PROBLEM DETAILS: Can you restate the lines of the entries below, word for word, from the first one through the line that includes "Green Man 2016"?

INPUT FOR THIS TASK:
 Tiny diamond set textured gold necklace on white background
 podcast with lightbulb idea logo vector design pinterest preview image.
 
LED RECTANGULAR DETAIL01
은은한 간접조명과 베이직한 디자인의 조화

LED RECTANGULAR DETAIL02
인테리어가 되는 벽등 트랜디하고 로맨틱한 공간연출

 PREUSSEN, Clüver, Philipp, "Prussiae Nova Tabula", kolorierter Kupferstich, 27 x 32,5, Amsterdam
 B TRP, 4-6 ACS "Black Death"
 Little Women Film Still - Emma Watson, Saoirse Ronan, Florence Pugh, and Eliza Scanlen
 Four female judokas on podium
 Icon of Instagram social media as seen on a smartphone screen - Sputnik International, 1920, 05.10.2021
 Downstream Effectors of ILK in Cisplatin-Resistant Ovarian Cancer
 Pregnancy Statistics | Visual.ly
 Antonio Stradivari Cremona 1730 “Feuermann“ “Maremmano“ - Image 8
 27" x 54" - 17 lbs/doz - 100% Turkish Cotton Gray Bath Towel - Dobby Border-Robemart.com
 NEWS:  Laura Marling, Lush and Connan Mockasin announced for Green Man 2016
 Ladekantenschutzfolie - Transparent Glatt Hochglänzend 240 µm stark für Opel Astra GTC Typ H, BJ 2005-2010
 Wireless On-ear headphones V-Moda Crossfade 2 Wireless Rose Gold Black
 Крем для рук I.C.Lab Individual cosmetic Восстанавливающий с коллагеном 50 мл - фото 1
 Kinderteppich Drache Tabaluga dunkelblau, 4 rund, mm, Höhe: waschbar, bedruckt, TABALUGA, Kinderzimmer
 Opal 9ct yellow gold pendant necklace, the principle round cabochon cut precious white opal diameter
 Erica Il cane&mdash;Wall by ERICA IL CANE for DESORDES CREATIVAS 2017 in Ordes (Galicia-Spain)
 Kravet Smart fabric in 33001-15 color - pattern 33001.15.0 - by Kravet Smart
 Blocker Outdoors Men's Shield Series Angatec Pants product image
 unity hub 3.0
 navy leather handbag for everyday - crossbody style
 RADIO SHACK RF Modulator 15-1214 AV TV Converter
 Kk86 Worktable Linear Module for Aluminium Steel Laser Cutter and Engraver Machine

TASK SOLUTION:
 Tiny diamond set textured gold necklace on white background
 podcast with lightbulb idea logo vector design pinterest preview image.
 
LED RECTANGULAR DETAIL01
은은한 간접조명과 베이직한 디자인의 조화

LED RECTANGULAR DETAIL02
인테리어가 되는 벽등 트랜디하고 로맨틱한 공간연출

 PREUSSEN, Clüver, Philipp, "Prussiae Nova Tabula", kolorierter Kupferstich, 27 x 32,5, Amsterdam
 B TRP, 4-6 ACS "Black Death"
 Little Women Film Still - Emma Watson, Saoirse Ronan, Florence Pugh, and Eliza Scanlen
 Four female judokas on podium
 Icon of Instagram social media as seen on a smartphone screen - Sputnik International, 1920, 05.10.2021
 Downstream Effectors of ILK in Cisplatin-Resistant Ovarian Cancer
 Pregnancy Statistics | Visual.ly
 Antonio Stradivari Cremona 1730 “Feuermann“ “Maremmano“ - Image 8
 27" x 54" - 17 lbs/doz - 100% Turkish Cotton Gray Bath Towel - Dobby Border-Robemart.com
 NEWS:  Laura Marling, Lush and Connan Mockasin announced for Green Man 2016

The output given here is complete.